Restless Pat can cater for all
Reporter: Martyn Torr
Date published: 31 December 2008
NOT content with opening a new bar, two new kitchens, new laundry and a new dining area, hotelier Pat Riley is already planning her next development at the Grains Bar Hotel.
Plans have been approved for a 120-seat function room, with a further seven en-suite bedrooms on the first floor, at the 28-bedroom hotel which sits in nine and a half acres atop Ripponden Road with it’s glorious views over Saddleworth.
Not that those views were too evident on the day I spent a happy hour with Pat and her senior assistant, Hayley Edwards.
A low cloud had rolled in and this was one of the days when the valleys drip with moisture.
But the clouds couldn’t dispel the optimism of Pat, a sprightly 74-year-old who spends her time between running the business, which she owns with her son Adrian, and living in Shaw where she is guardian to her 14-year-old grand-daughter Danielle.
Pat also finds time to cook — her first love — for her guests, insisting they have a proper evening meal at the end of a long working day. For Pat and Hayley, from Moorside, the hotel is clearly a labour of love. They take great pride in the facilities which attract customers from the length and breadth of Britain and many more from abroad.
Nine lads from Spain had been staying at the hotel only days before my visit and Pat confided that, in the 21 years since she started trading, many celebrities have spent time at the hotel, happy to be out of the limelight and go about their business unrecognised and without hassle.
“This is one of the beauties of the hotel. We can cater for just about everyone. I like to ensure we retain a personal touch and insist that every guest is shown to the room by a member of staff,” said Pat who found time and energy to talk to me, conduct a guided tour of the new facilities and organise the evening menu. All at the same time.
Restless is a good word to describe the owner, who bought the business when it was a four-bedroom farmhouse with a derelict shippon and barn.

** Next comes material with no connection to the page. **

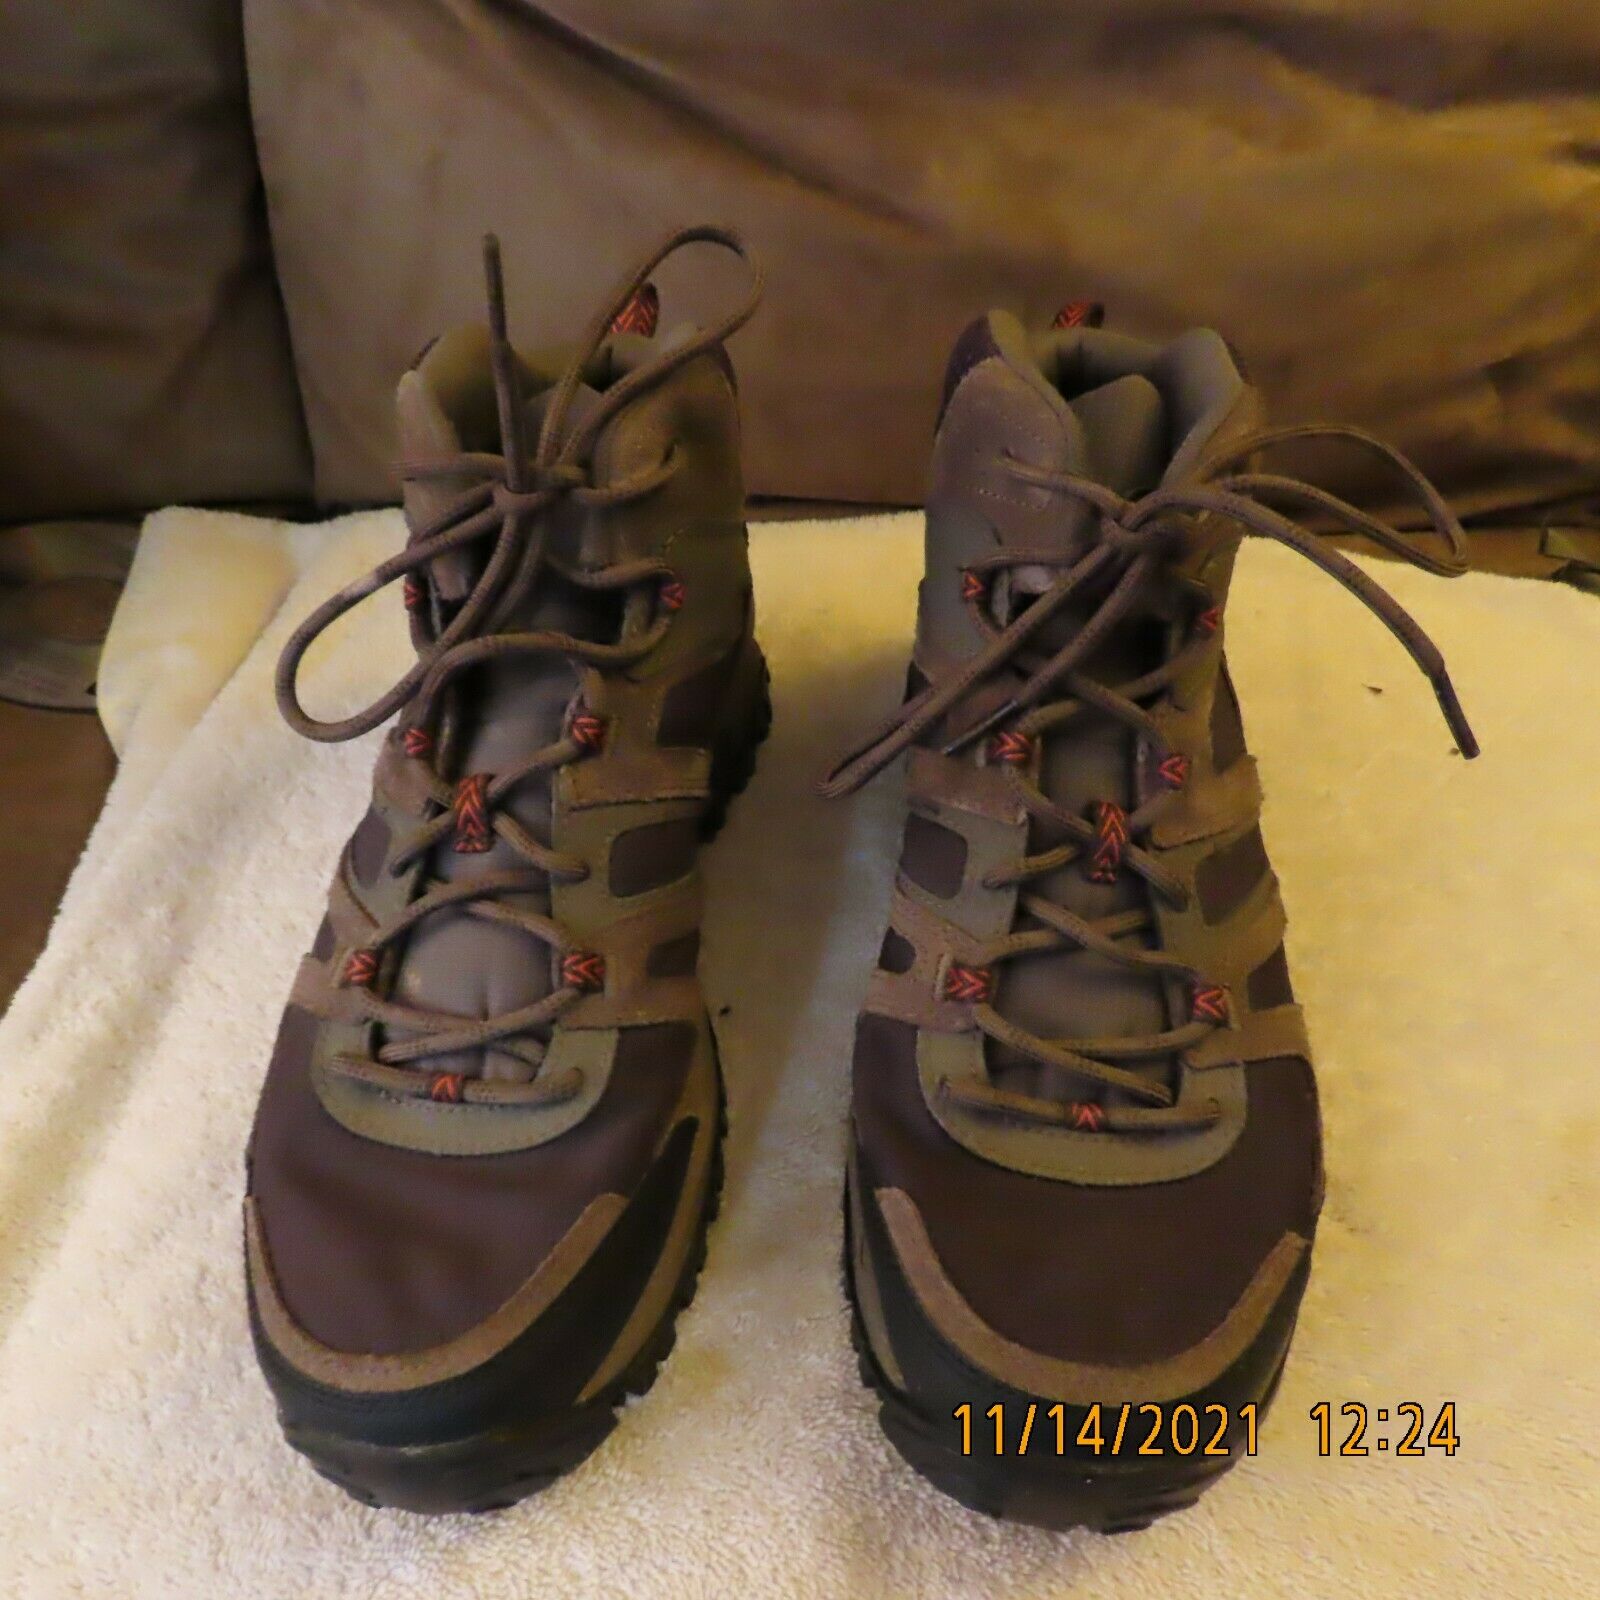 Columbia Men's Mid Hiking Boots Size 10.5 BM3913-231 Woodburn GREAT COND

It was an investment at the time as Pat was still heavily involved in her outside catering business.
Within three years, she was offering bed and breakfast at Grains Bar and business soon grew so that Pat had to decamp her own room and move into the cellar.
She persuaded Oldham Council planners to allow her to rebuild the shippon, creating 14-en suite rooms ahead of the Commonwealth Games in Manchester in 2002. This proved a masterstroke as she could have sold the rooms many times over.
The latest expansion has allowed the hotel owners to offer wedding facilities and there is a growing demand for funeral wakes at Grains Bar.
Next will come the function room but Pat is ready to take stock for a while and let her guests enjoy the new facilities.